Covid-19 corruption: accounts in PPE scandal frozen
The Special Investigating Unit (SIU) this week froze bank accounts holding more than R100m suspected to have been obtained fraudulently from the Gauteng health department by three companies accused of inflating the prices of goods meant to fight Covid-19.
The accounts belong to Ledla Structural Development, Royal Bhaca Projects and Mediwaste, the companies at the centre of the personal protection equipment (PPE) scandal that has rocked the department.
A senior government source close to the SIU said the Financial Intelligence Centre (FIC) froze the accounts at the request of the SIU. But the FIC can only freeze an account for 10 days.
SIU spokesperson Kaizer Kganyago said an urgent application has now been filed with the Special Tribunal - which was set up by President Cyril Ramaphosa in February last year to claw back looted money - to freeze and preserve the accounts until the investigation is completed. He did not name the companies involved.
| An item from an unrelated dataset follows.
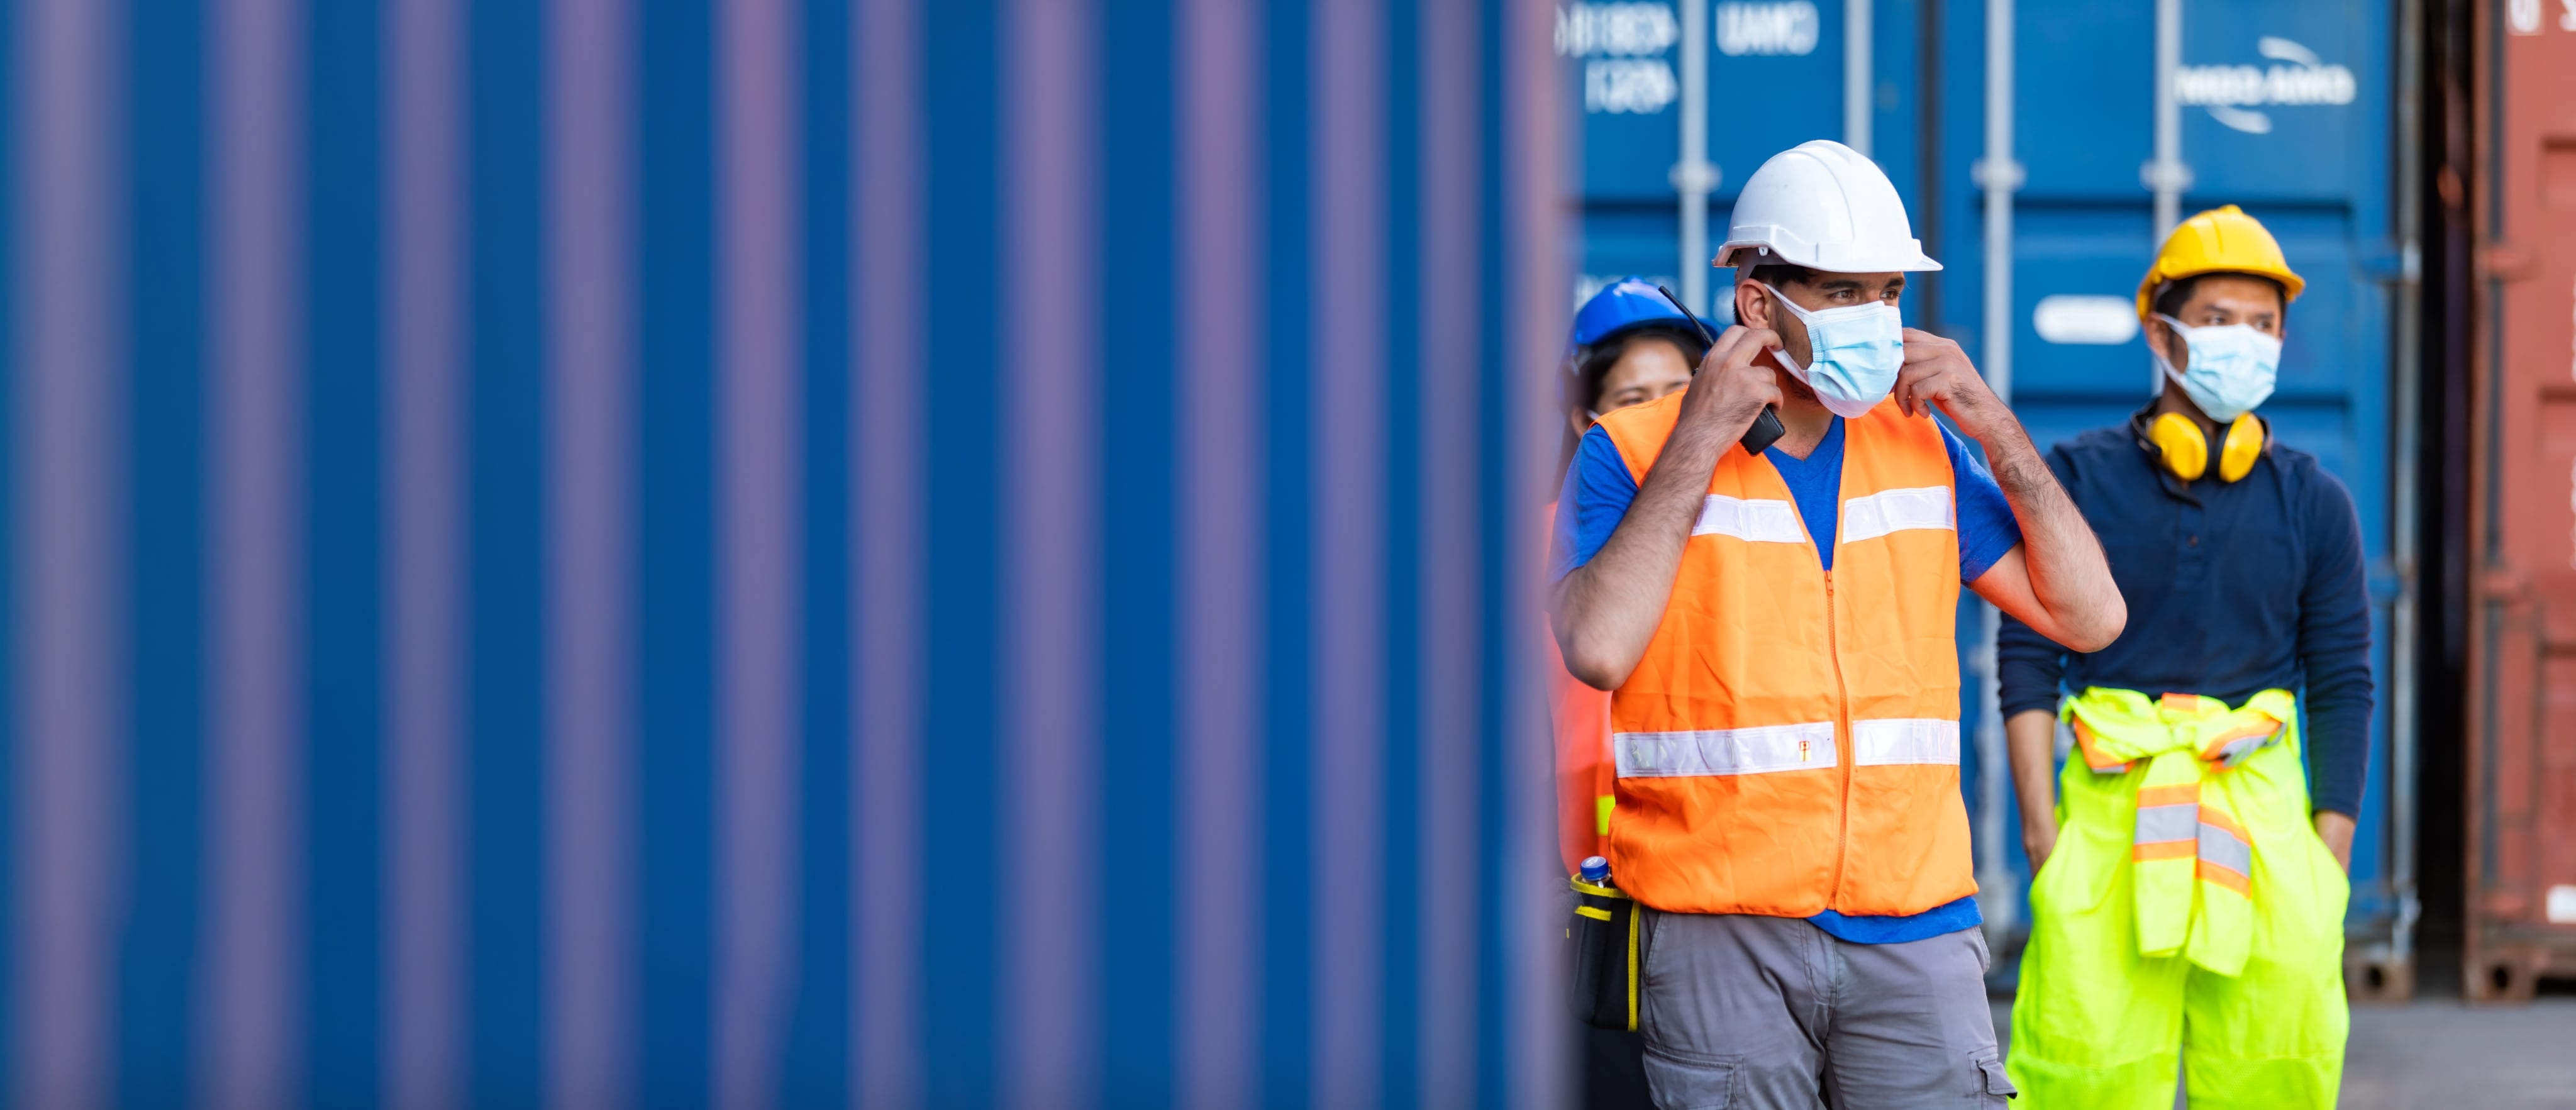 Two male workers and one female worker are wearing masks and hard hats. They are surrounded by shipping containers outside.

"We are waiting for a date from the Special Tribunal, but the hearing will happen this week. The investigation will determine whether we should launch a civil suit to forfeit the money on behalf of the state or not."
Kganyago said the unit was in the process of identifying other bank accounts into which money was transferred from the three accounts.
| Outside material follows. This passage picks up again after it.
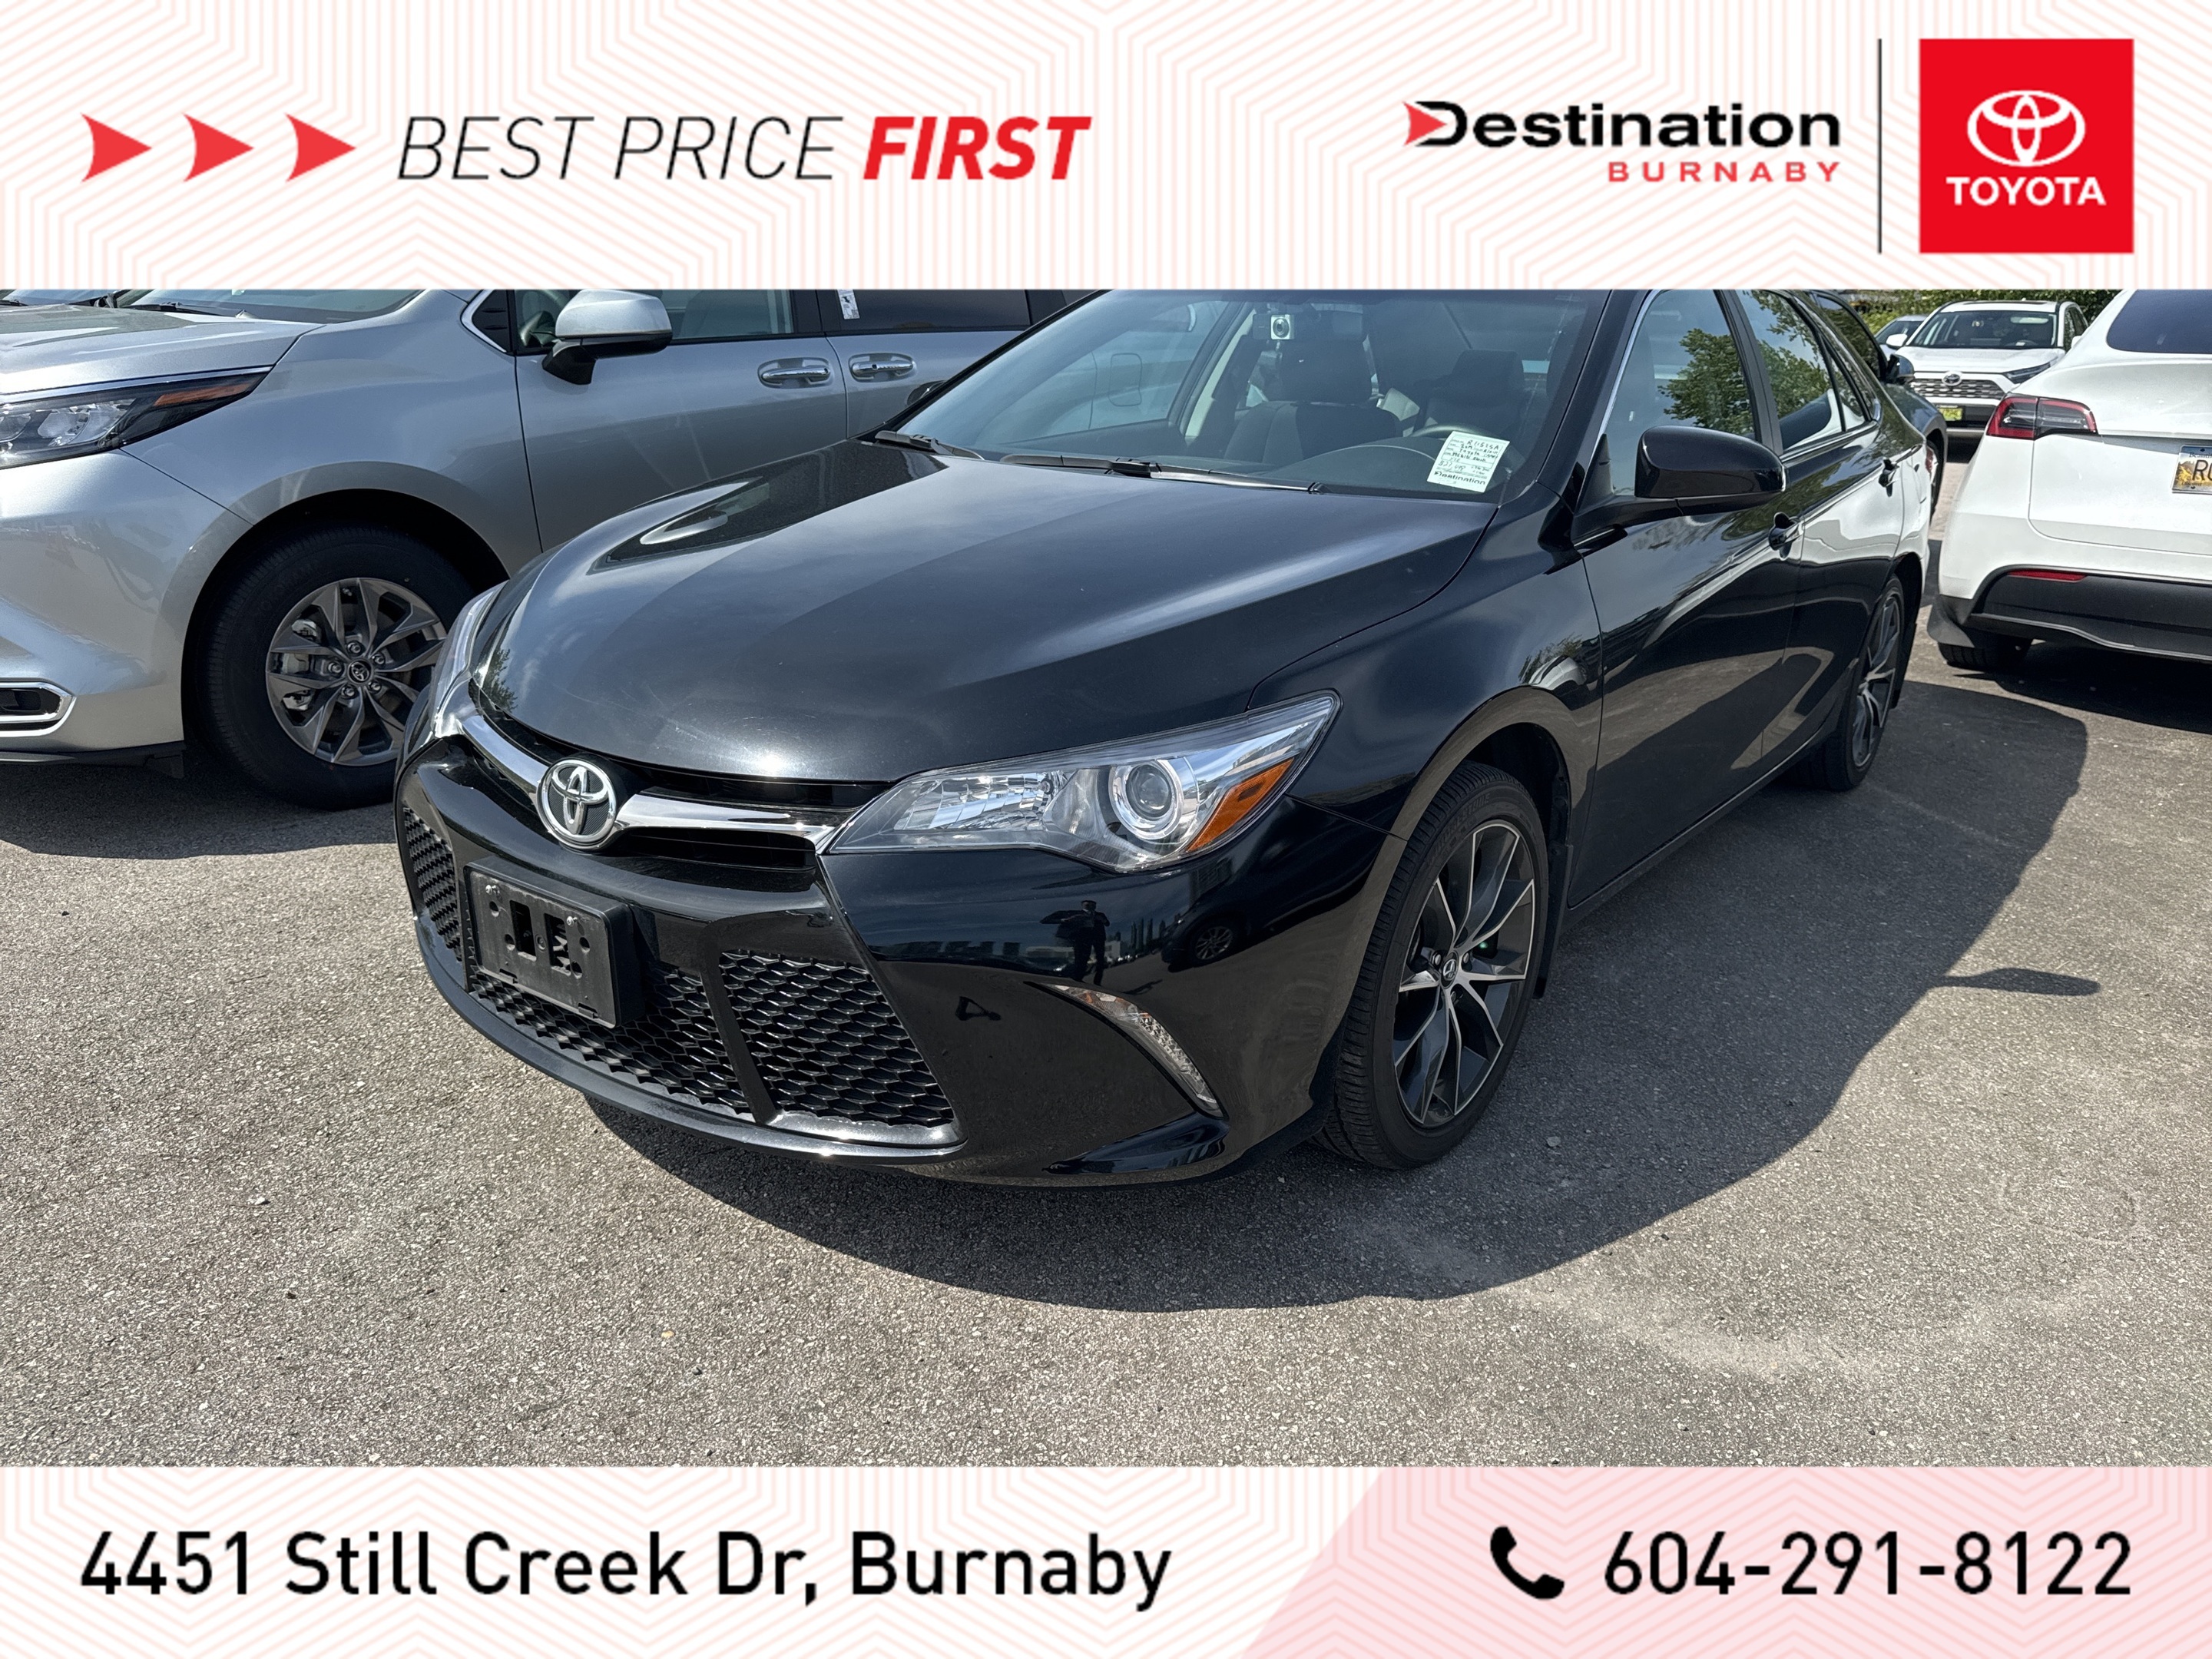 2017 Toyota Camry XSE Fully Equipped! Low KM! Toyota Certified!

"We want to freeze those too," he said, adding that the SIU is expected to launch other similar applications in the coming days and weeks.
The SIU is also gunning for the pension fund of Kabelo Lehloenya, the Gauteng health department's former chief financial officer, who authorities have identified as having allegedly signed off irregular PPE contracts worth over R2bn.
Lehloenya resigned hastily in June after Gauteng premier David Makhura announced he had asked the SIU to investigate allegations that PPE contracts had been awarded to business people with political connections and prices had been grossly inflated.
Kganyago confirmed that the SIU will launch another urgent application with the Special Tribunal to prevent Lehloenya from accessing her pension fund pending an investigation into her conduct.
"We have now written to the Government Employees' Pension Fund to ask them not to pay the pension fund out in the meantime," he said.
Lehloenya declined to comment when contacted by the Sunday Times.
Royal Bhaca Projects is owned by Thandisizwe Diko, who is married to President Cyril Ramaphosa's spokesperson, Khusela Diko.
Khusela Diko is on special leave while the investigation is under way, while Makhura suspended his health MEC Bandile Masuku.
Masuku's wife, Noloyiso Masuku, a member of the mayoral committee of the City of Johannesburg, was also placed on leave due to speculation her friendship with the Dikos could have influenced the awarding of the contract to Thandisizwe Diko.
In April, Royal Bhaca Projects received a R125m contract to supply the Gauteng health department with biohazard medical waste refuse bags and hand sanitisers. The contract was cancelled after it was flagged by Gauteng Audit Services.
A senior executive close to the SIU said Ledla and Royal Bhaca had "agreed to defraud the department by inflating prices". Mediwaste supplied the goods.
Molatelo Lehong, a director at Ledla, said yesterday his company did not have any relationship with Royal Bhaca. The Sunday Times was not able to reach Royal Bhaca and Mediwaste.
The executive also said the SIU was finalising its investigation into the Eastern Cape health department's purchase of 100 scooters to transport patients at a cost of R10m.
Also under investigation is R4.8m paid for a door-to-door Covid-19 awareness campaign in the OR Tambo district municipality during lockdown.
The executive said that while investigations continue, the two cases have been handed to the SIU's civil litigation unit.